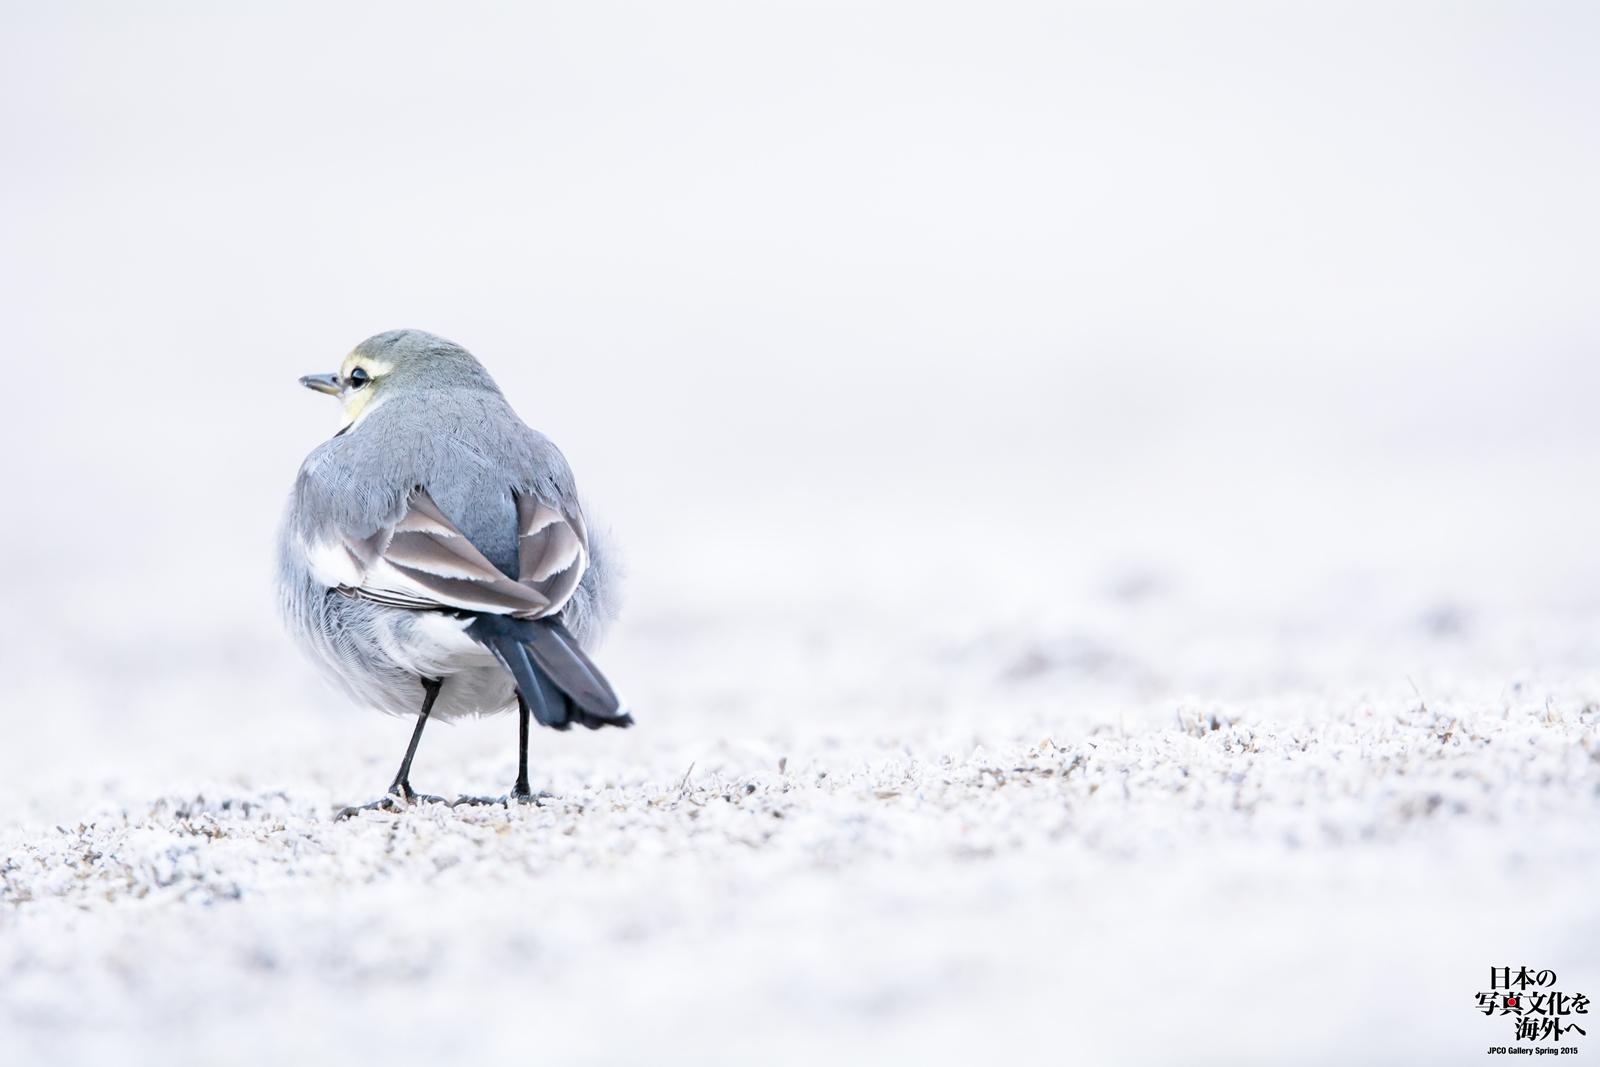 Photo: 白い季節 White season  色の無い季節 でも僕がいる そして君がいる 存在を色濃く感じる季節  White Wagtail. (ハクセキレイ)  #cooljapan #365cooljapanmay #birdphotography #birds #sigma #kawaii #JPCOGallerySpring2015 #日本の写真文化を海外へ  Nikon D7100 SIGMA 150-600mm F5-6.3 DG OS HSM Sports  [ Day282, February 18th ]  ★こちらの一枚は、 グループ写真展 『JPCO Gallery Spring 2015 / 日本の写真文化を海外へ』 の出展作品となります。  色のない季節だからこそ感じられる 存在と言う色濃さを ゆっくりと時間をかけて 言葉と合わせて感じていただけたら幸いです。  ・私の在廊予定日 21(土) : 15:00~19:00 22(日) : 13:00~16:00 (土日はトークイベントも開催され 自分も土曜日にトークさせていただきます。)  < http://islandgallery.jp/10839 >  小鳥の詩朗読 http://youtu.be/KQkaOGnZ8NY?list=PL2YtHGm0-R3qVsaqvQe9OYdJFCkI98wzF
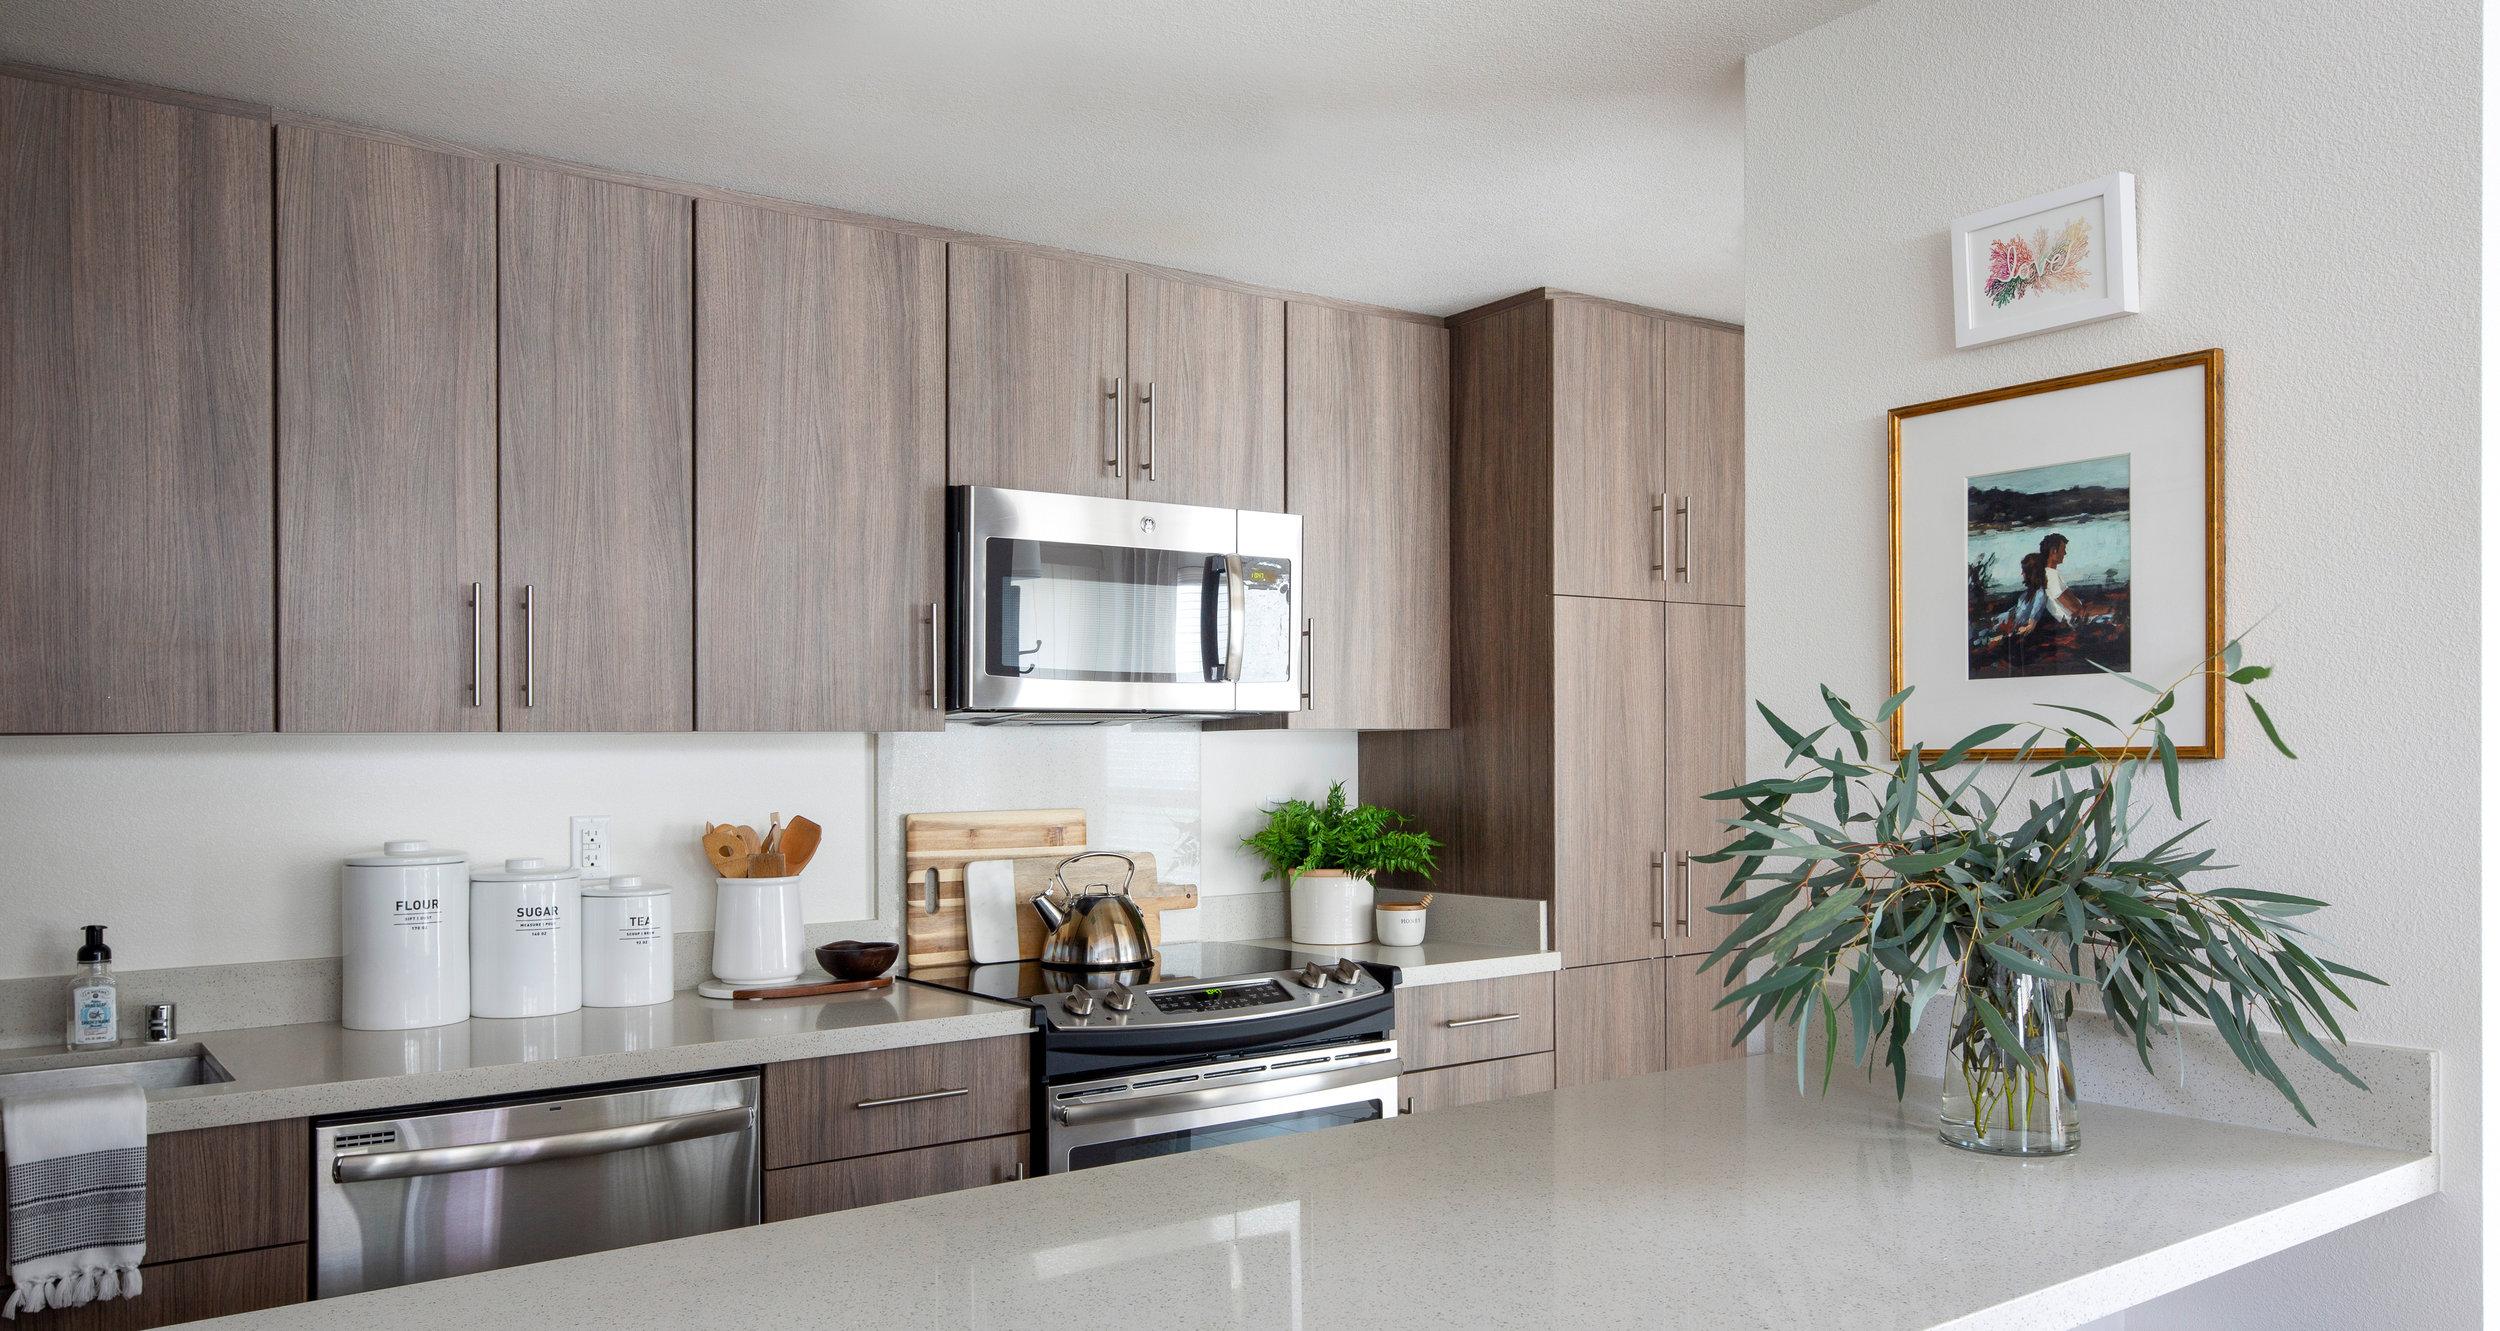 Kailua-Condo-Kitchen-Island-Cabinets.jpg
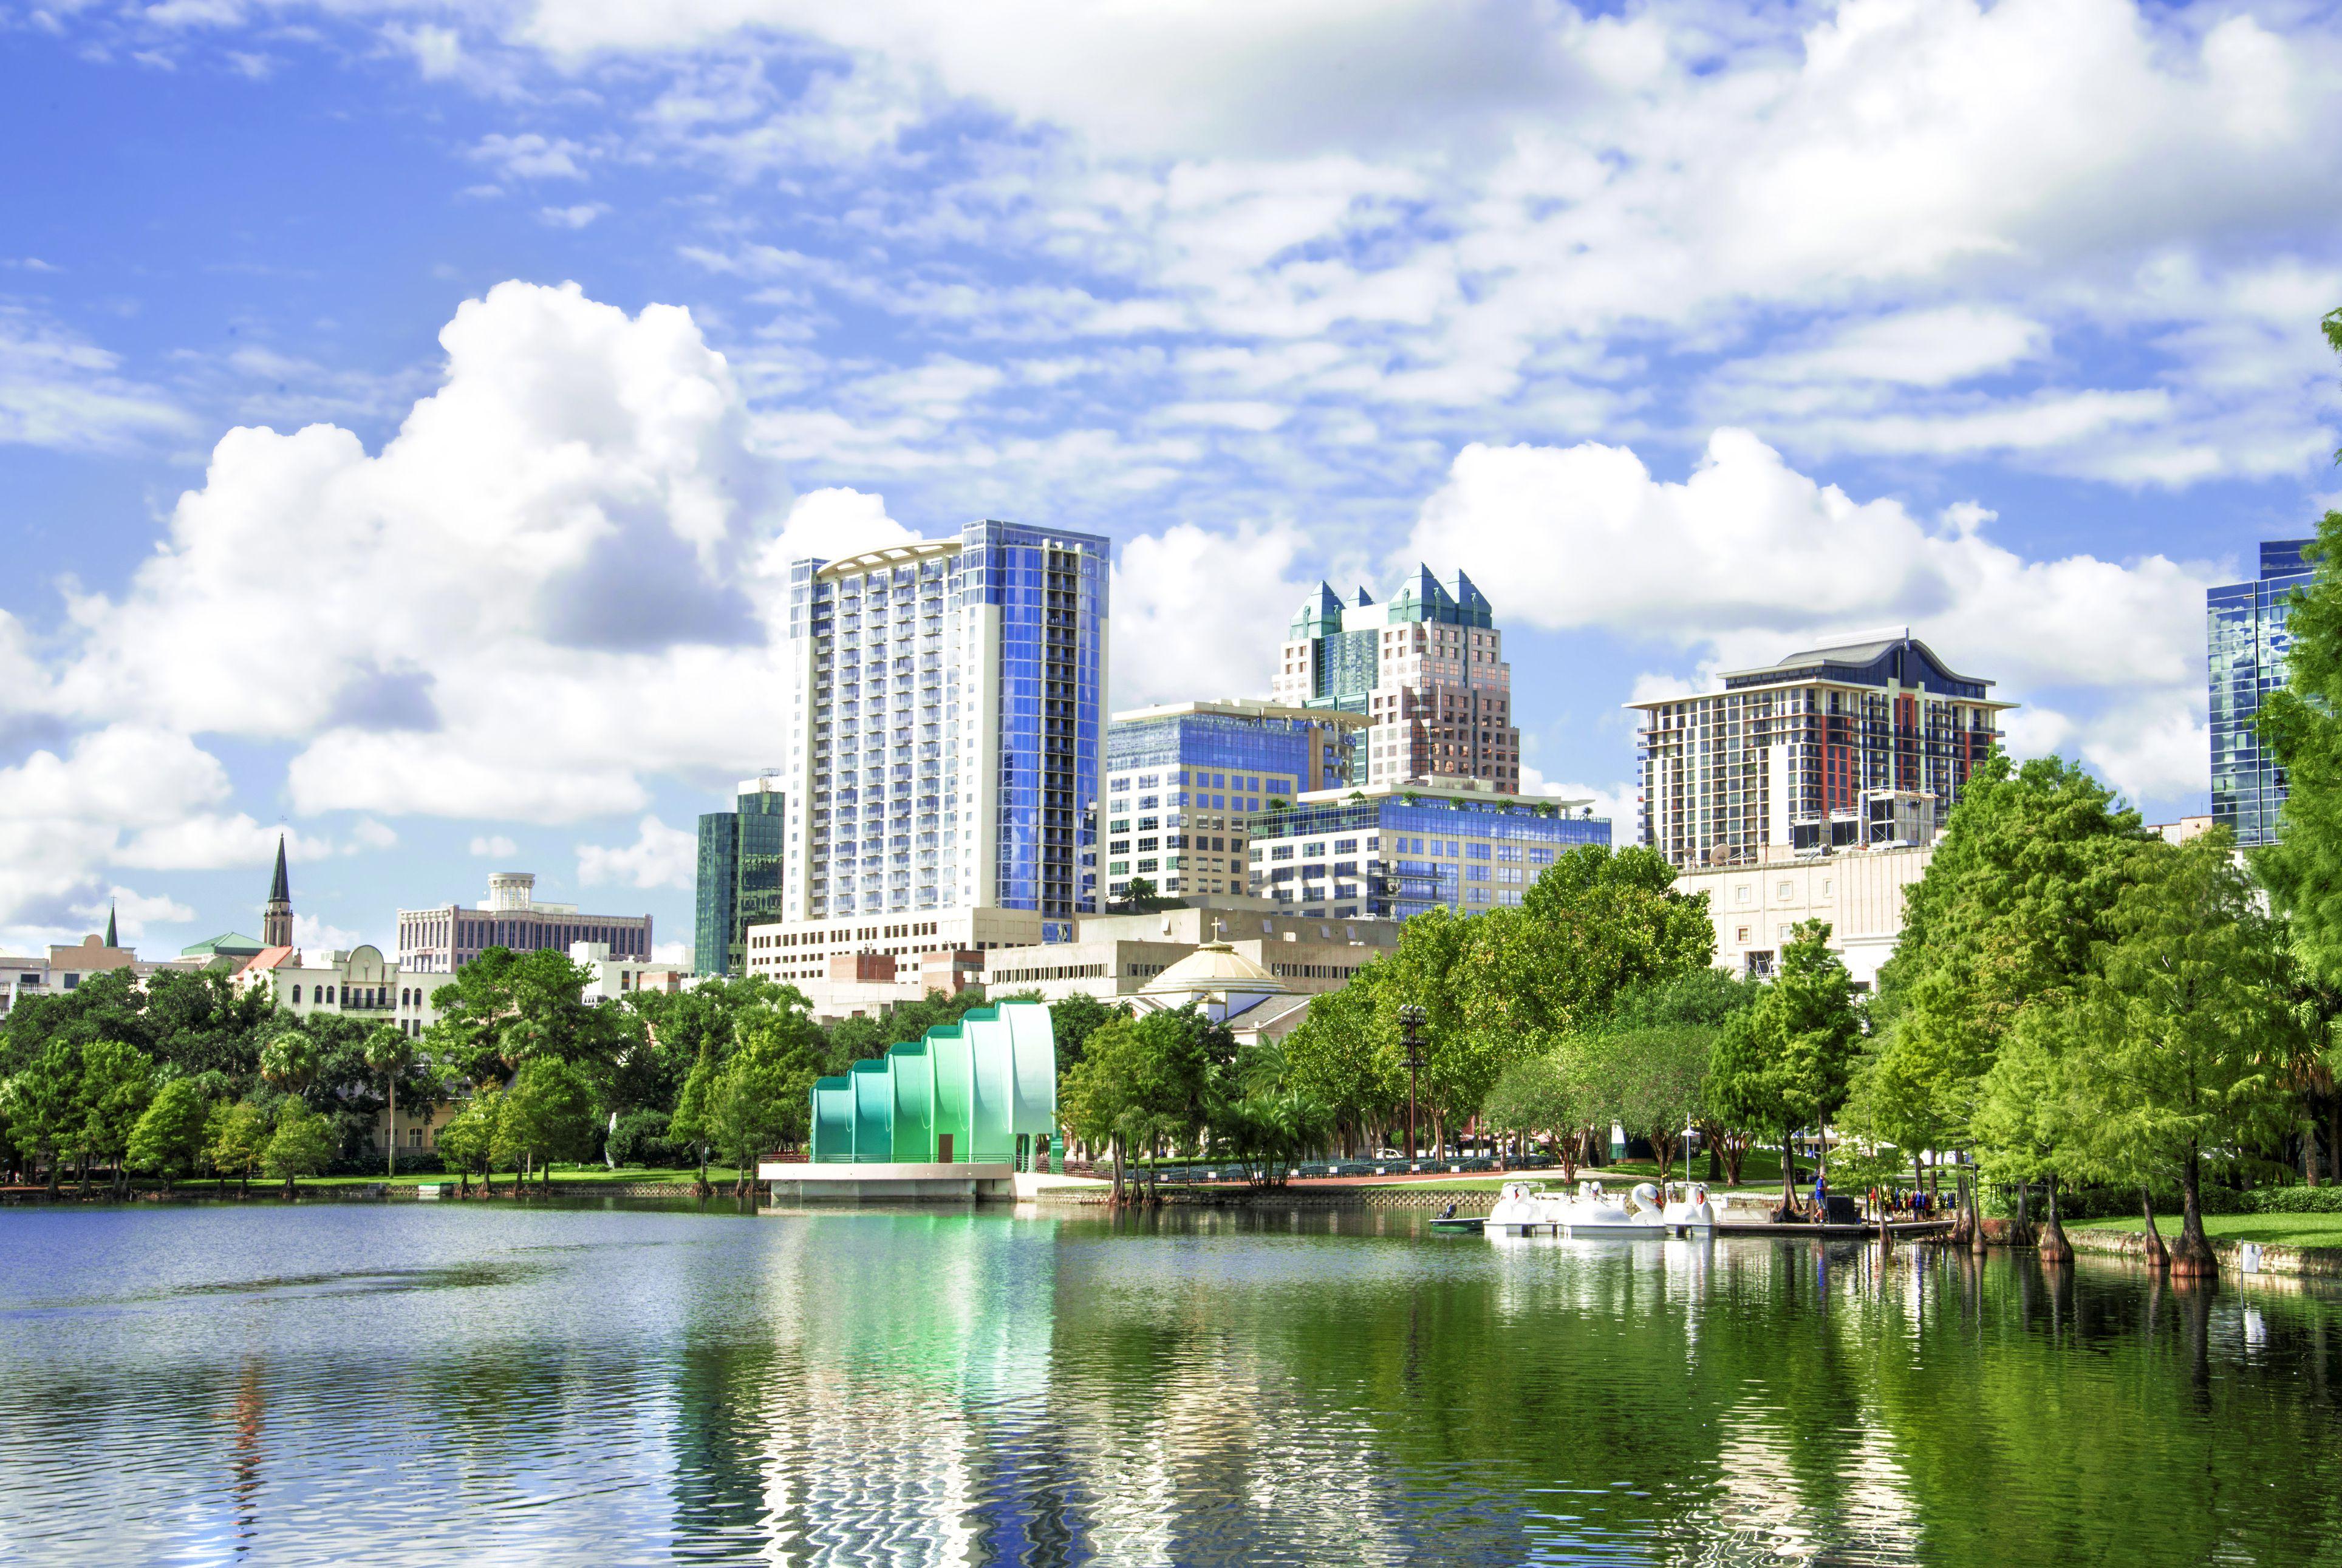 Lake Eola sehen in Orlando Florida

- **What is needed**: Every line above needs to be written out again as it stands. Pictures do not belong in the copy.

- **Exercise output**:
 Photo: 白い季節 White season  色の無い季節 でも僕がいる そして君がいる 存在を色濃く感じる季節  White Wagtail. (ハクセキレイ)  #cooljapan #365cooljapanmay #birdphotography #birds #sigma #kawaii #JPCOGallerySpring2015 #日本の写真文化を海外へ  Nikon D7100 SIGMA 150-600mm F5-6.3 DG OS HSM Sports  [ Day282, February 18th ]  ★こちらの一枚は、 グループ写真展 『JPCO Gallery Spring 2015 / 日本の写真文化を海外へ』 の出展作品となります。  色のない季節だからこそ感じられる 存在と言う色濃さを ゆっくりと時間をかけて 言葉と合わせて感じていただけたら幸いです。  ・私の在廊予定日 21(土) : 15:00~19:00 22(日) : 13:00~16:00 (土日はトークイベントも開催され 自分も土曜日にトークさせていただきます。)  < http://islandgallery.jp/10839 >  小鳥の詩朗読 http://youtu.be/KQkaOGnZ8NY?list=PL2YtHGm0-R3qVsaqvQe9OYdJFCkI98wzF
 Kailua-Condo-Kitchen-Island-Cabinets.jpg
 Lake Eola sehen in Orlando Florida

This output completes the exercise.